Tay was released on Twitter March 23, 2016 as an experiment in conversational understanding. Tay was free to learn from every interaction and that was the big issue: after a few hours of “learning” with the wrong people, it started to compose controversial, hateful and offensive tweets, forcing Microsoft to put it offline in less than a day and release an apology.

This experience showed that generative models also follow a well-known principle of computer science: the Garbage In, Garbage Out principle.


You can try this at home – but surely not on your business (yet)

Final Thoughts

Although generative models are good at giving the impression of talking with a human, they still must improve. If you’re not a researcher, maybe it’s best to wait for this technology to mature before putting it in production, or you can have a bad experience, like Microsoft had with Tay.

They are promising, they are getting better and, who knows, they can be a path to reach human-like bots. At the time we write these lines they are not suited for most, if any, business use case but data scientists are not giving up and this is a very active (and attractive) research area, so it’s better to keep a watchful eye on future progresses.





Artificial General Intelligence (AGI) models

Pictures of C-3P0 are sometimes used when talking about bots. Who wouldn’t want to replace Google Translator by a C-3PO in the living room? It could easily understand any sentence and politely answer questions like “C-3PO, how would you say ‘Amanhã as máquinas vão exterminar a humanidade’ in english?” quickly and accurately: “Tomorrow the machines will terminate humankind, sir”. “Thanks”. Better than that, it could be taught to talk about sports, play chess or compose a symphony, or at least try and understand its limits, without being programmed specifically to accomplish those tasks. That’s why C-3PO can be considered an AGI bot. That’s also why it doesn’t exist.

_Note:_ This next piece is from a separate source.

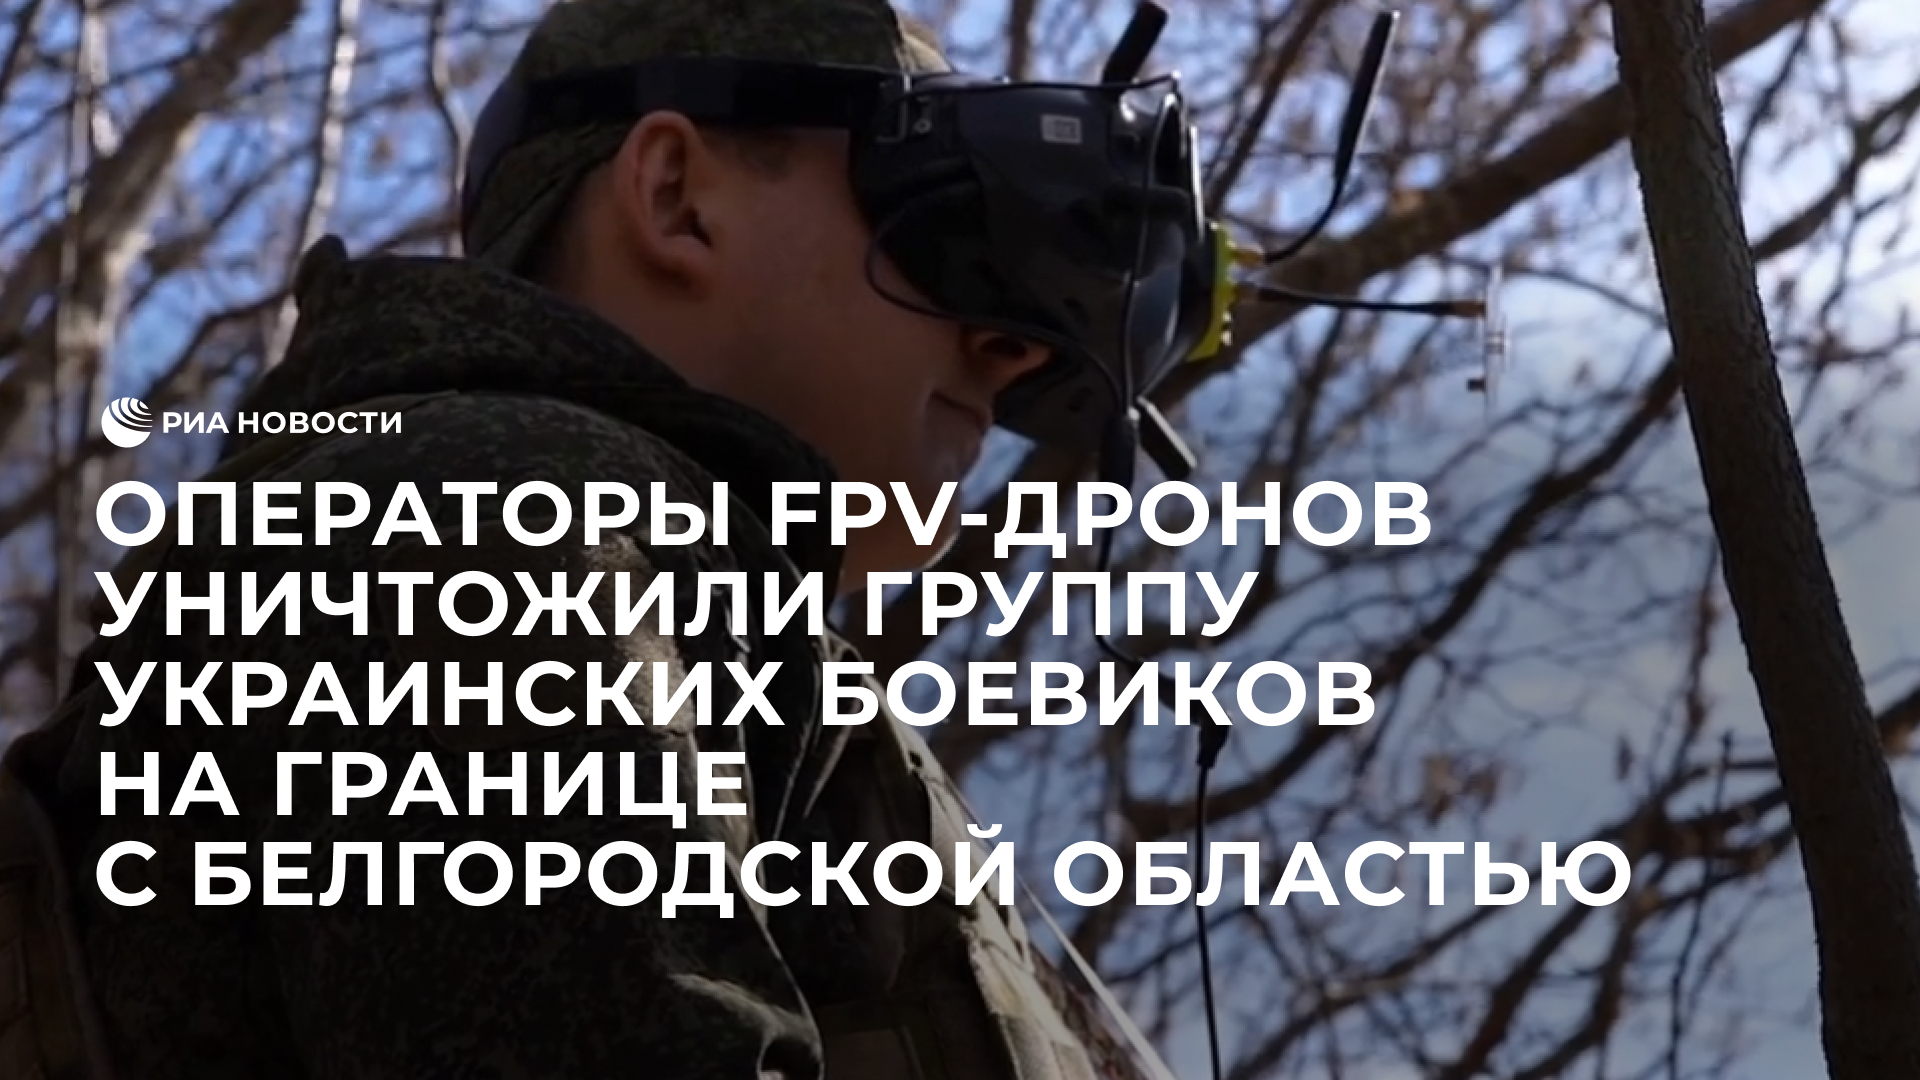 Операторы FPV-дронов уничтожили группу украинских боевиков на границе с Белгородской областью
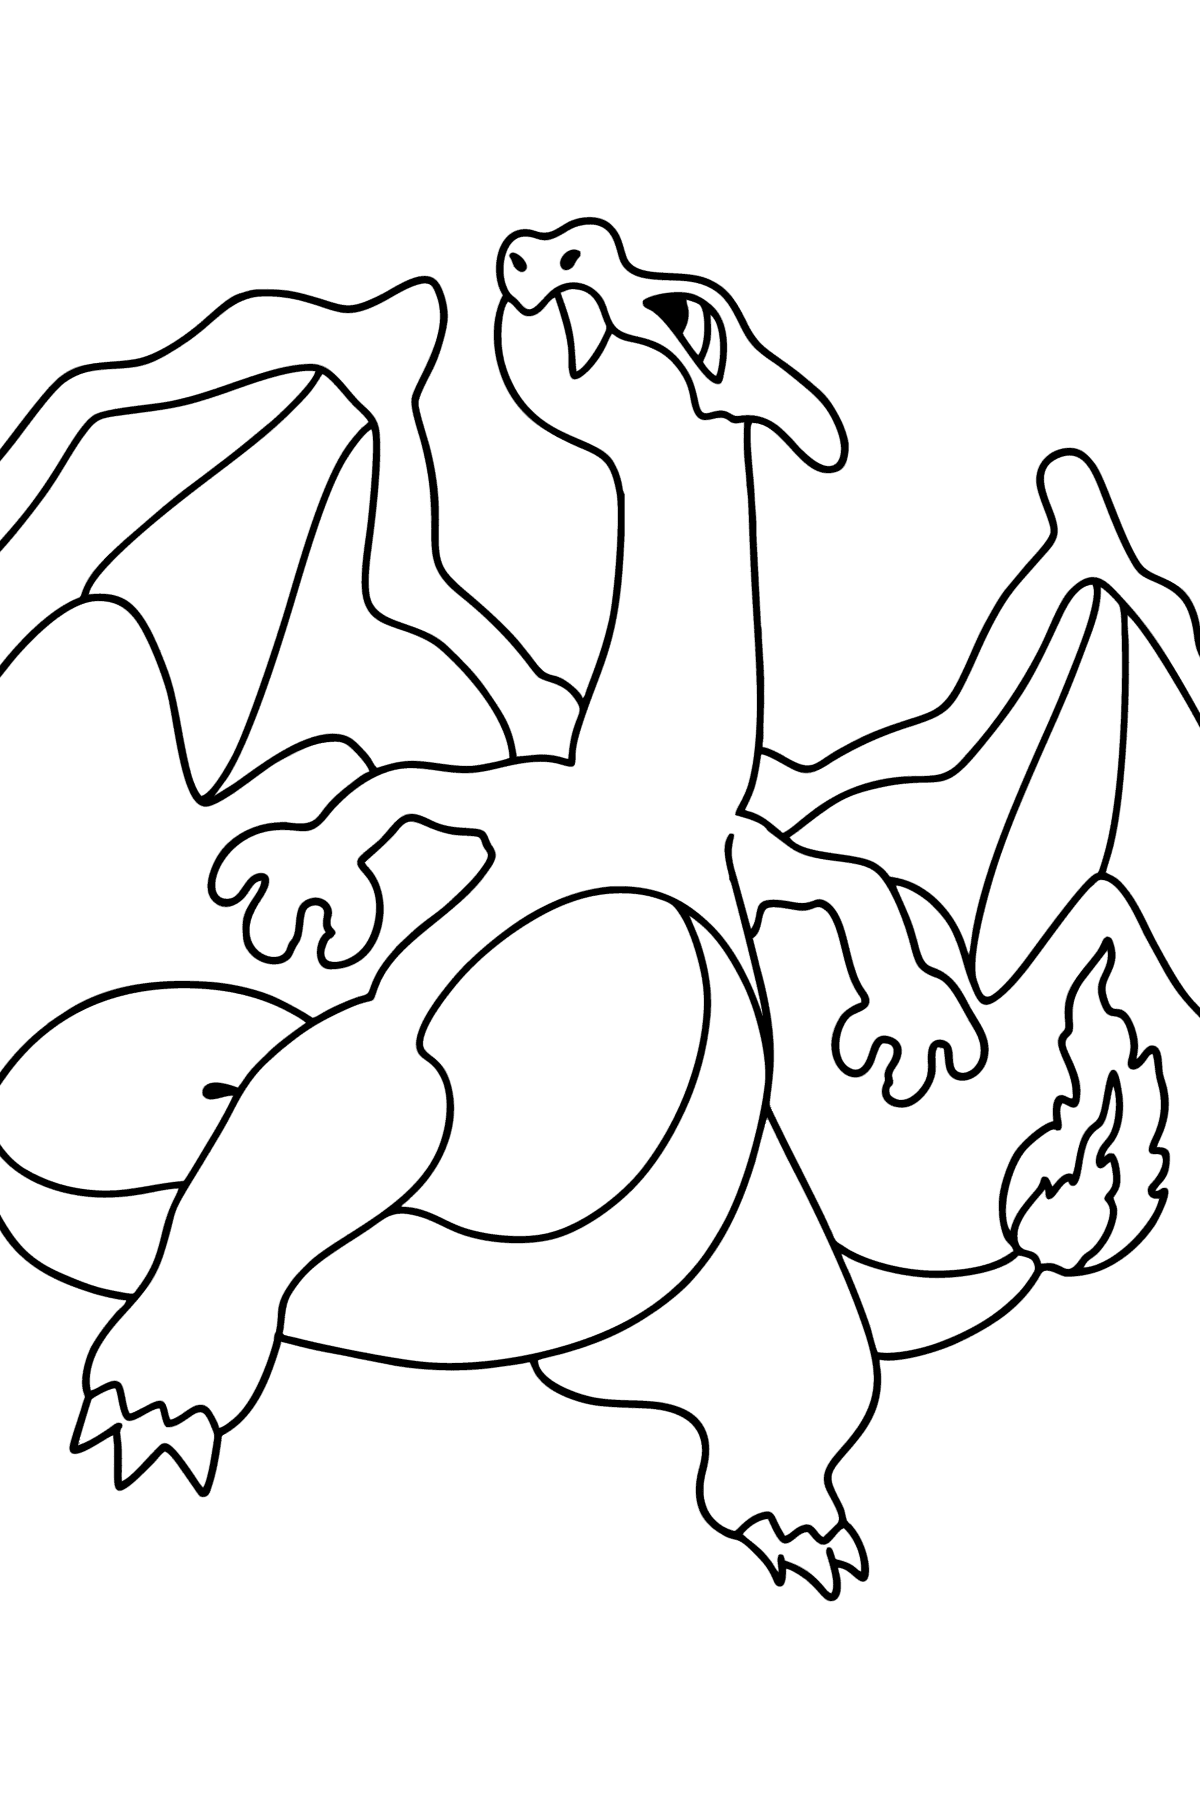 Tegning til farvning Pokémon Go Charizard - Tegninger til farvelægning for børn

While rule-based and AI retrieval-based bots use narrow AI (if any), which is AI focused on a single task and unable to understand anything else, AGI bots will not use AI just for classifying content in the user input, but also for training and learning in an unsupervised fashion, by inferring knowledge from experience without the need of human classification for the training data, and will be able to create their own responses and target multiple goals, as humans do. Who knows, they may even grow an artificial conscience.

Starting from scratch or pre-trained for some purpose, an AGI bot will evolve and find its way using the interactions with the world, its failures and successes and any other data it can get, to learn and improve. It will be able to really understand what we say and engage in meaningful conversations.


Final Thoughts

AGI rests on the sci-fi universe for now. There is extended research running and much hope coming from the latest artificial intelligence progresses, mainly in the deep learning field, but AGI still lies beyond the horizon despite all the hype that is going on. So, beware: if someone tries to sell you C-3PO for your business, it’s probably a fantasy - or a plastic doll.

It’s the promise of easy, human-like interaction that makes the chatbots experience so appealing. Once AGI bots work, if they evolve to a (educated) human level, they will be a technological revolution, probably changing the way we interact with machines. But for now, they’re still “such stuff as dreams are made on”.